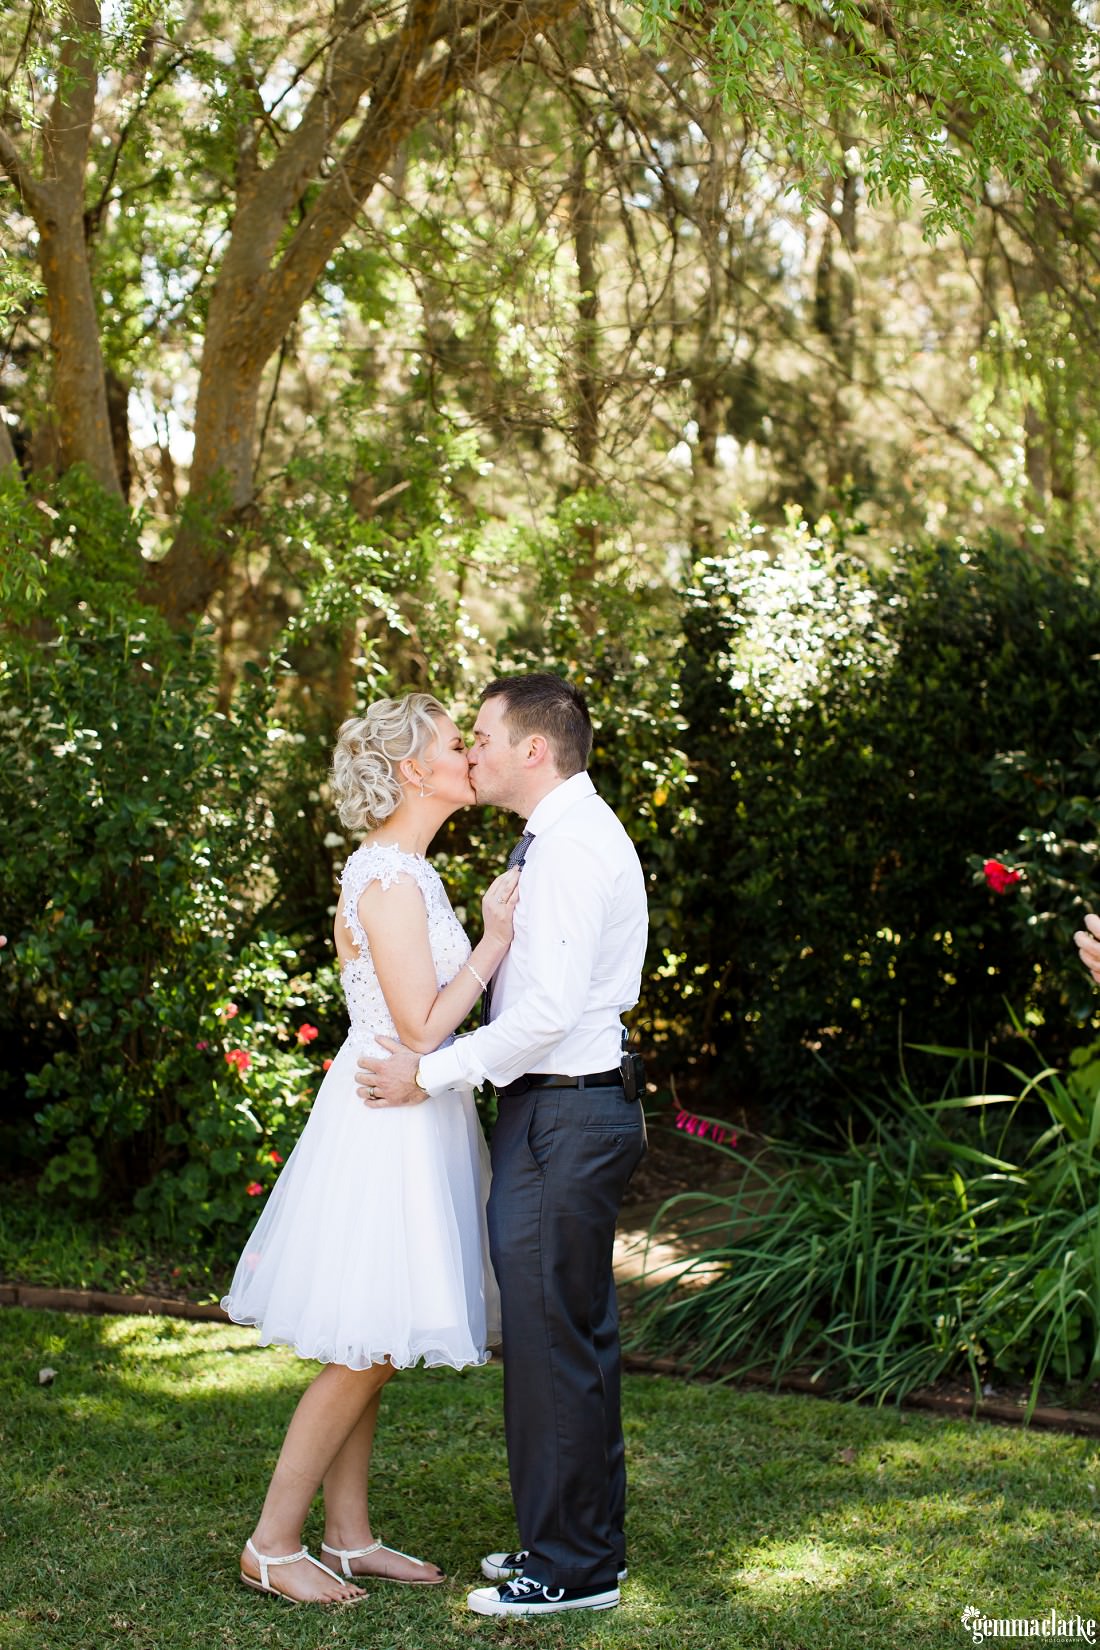 A bride and groom kiss at their wedding ceremony
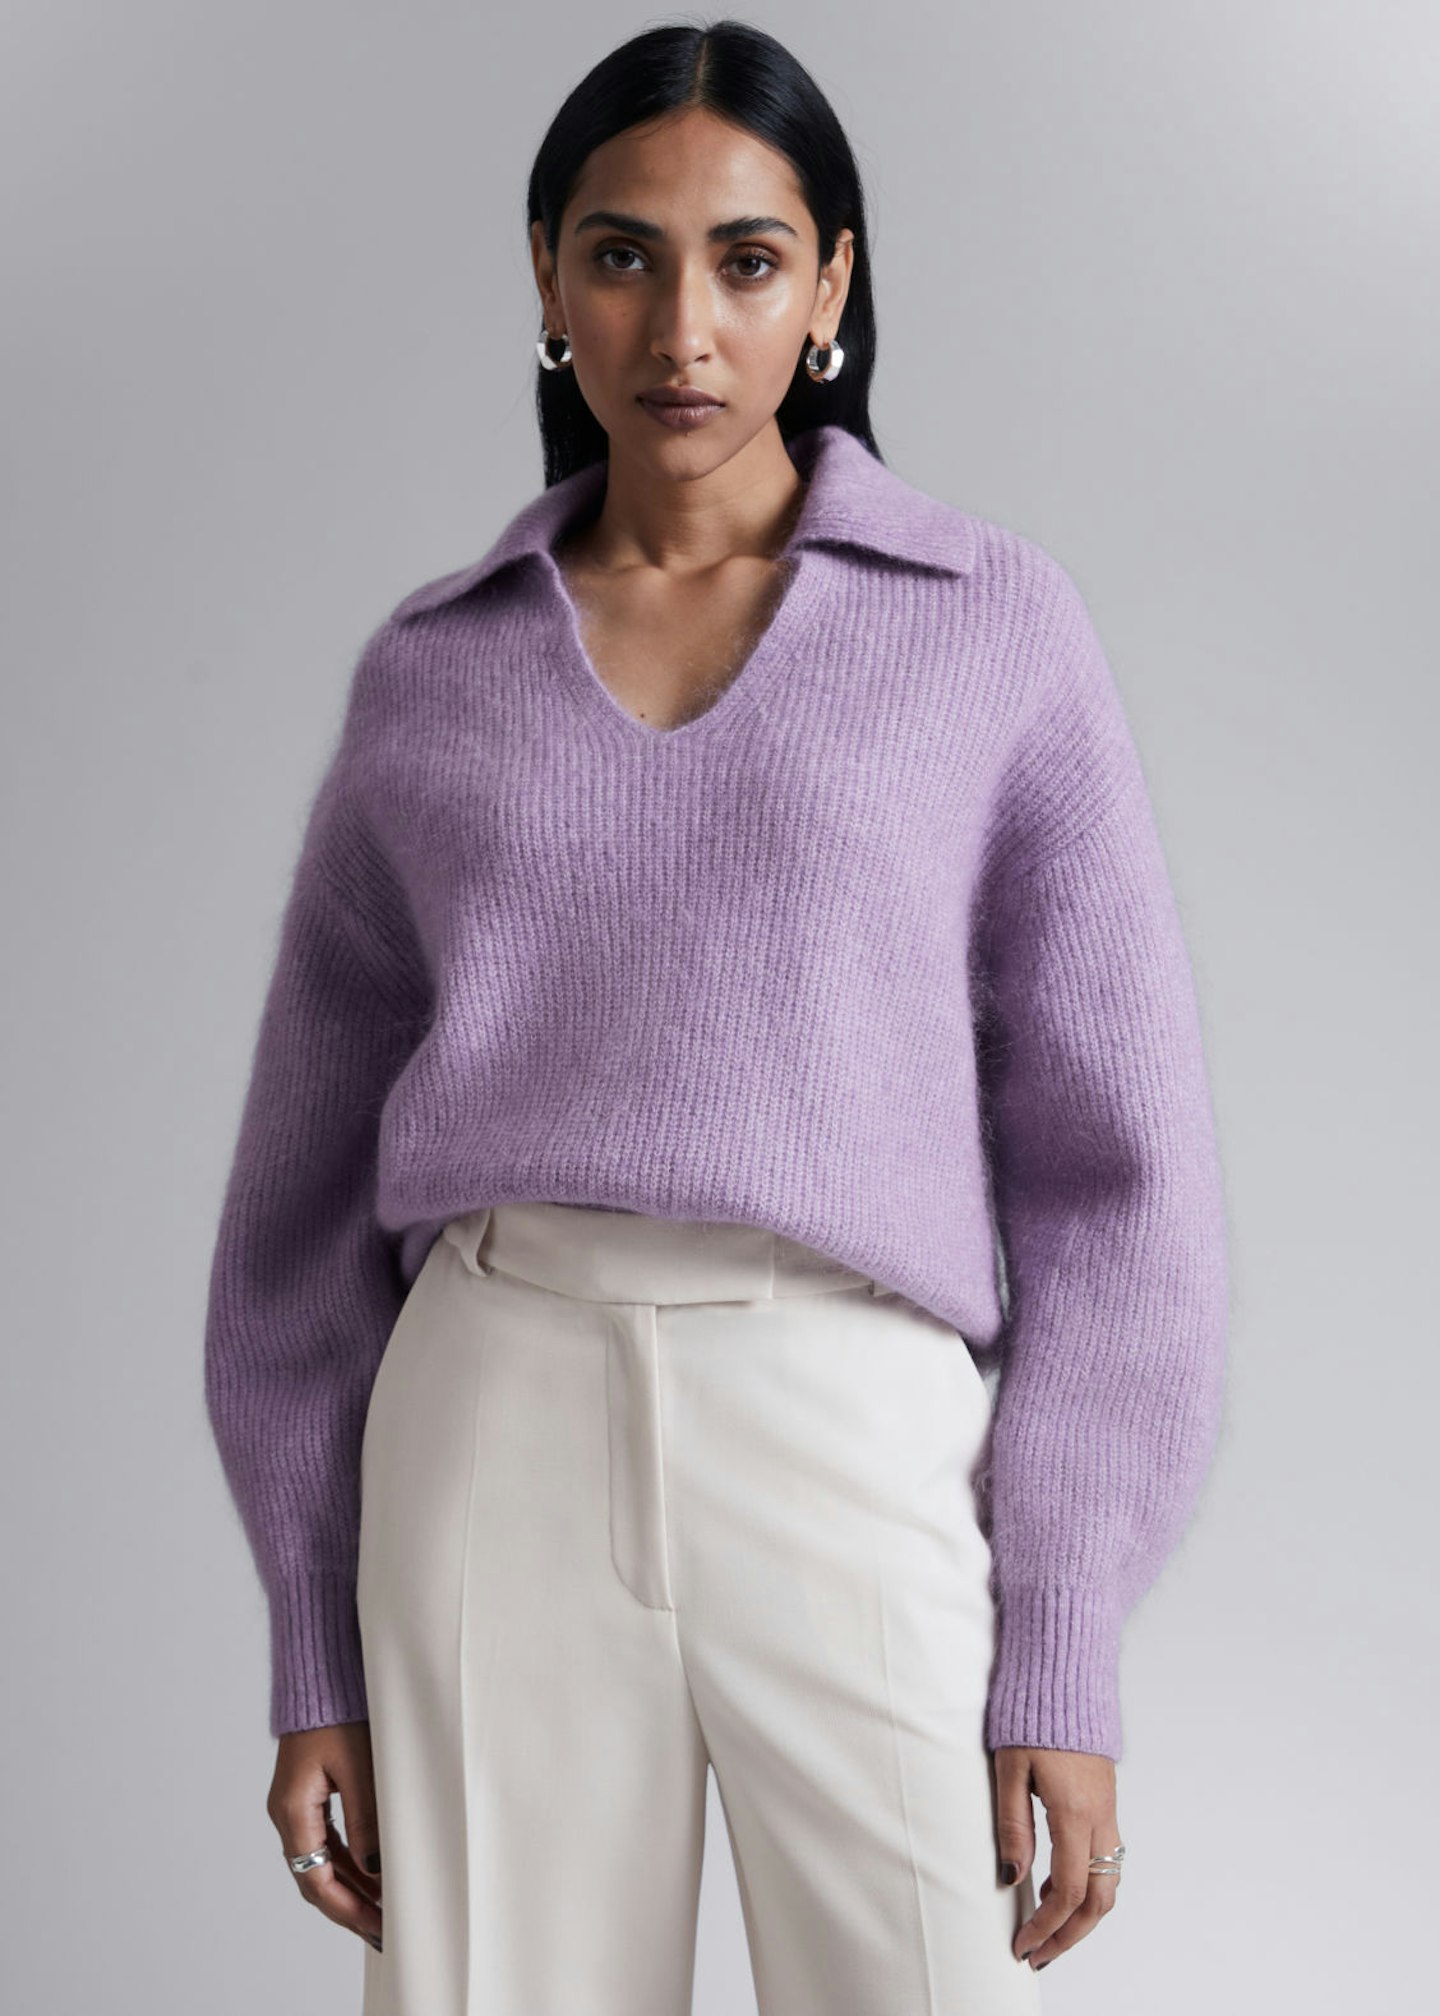 & Other Stories Relaxed Collared Sweater 
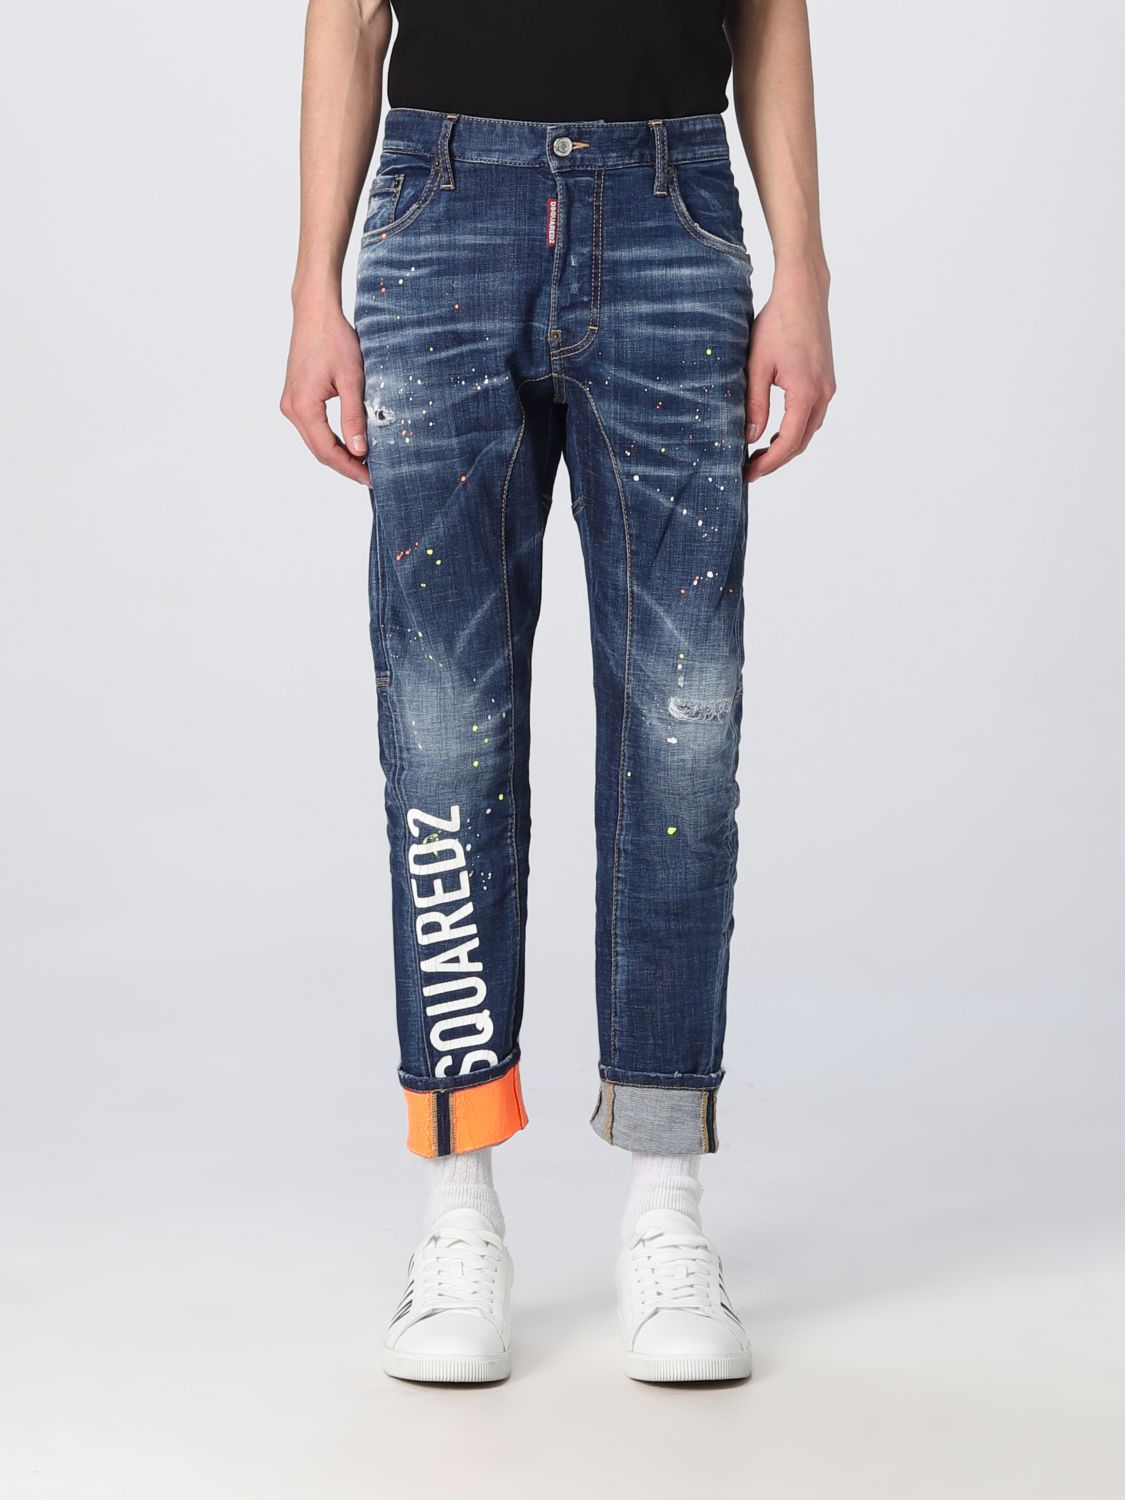 Jeans Dsquared2: Jeans Dsquared2 in denim blue navy 1

▶ What you should do
Restate every line above exactly, omitting images.

▶ Answer section
 A bride and groom kiss at their wedding ceremony
 & Other Stories Relaxed Collared Sweater 
 Jeans Dsquared2: Jeans Dsquared2 in denim blue navy 1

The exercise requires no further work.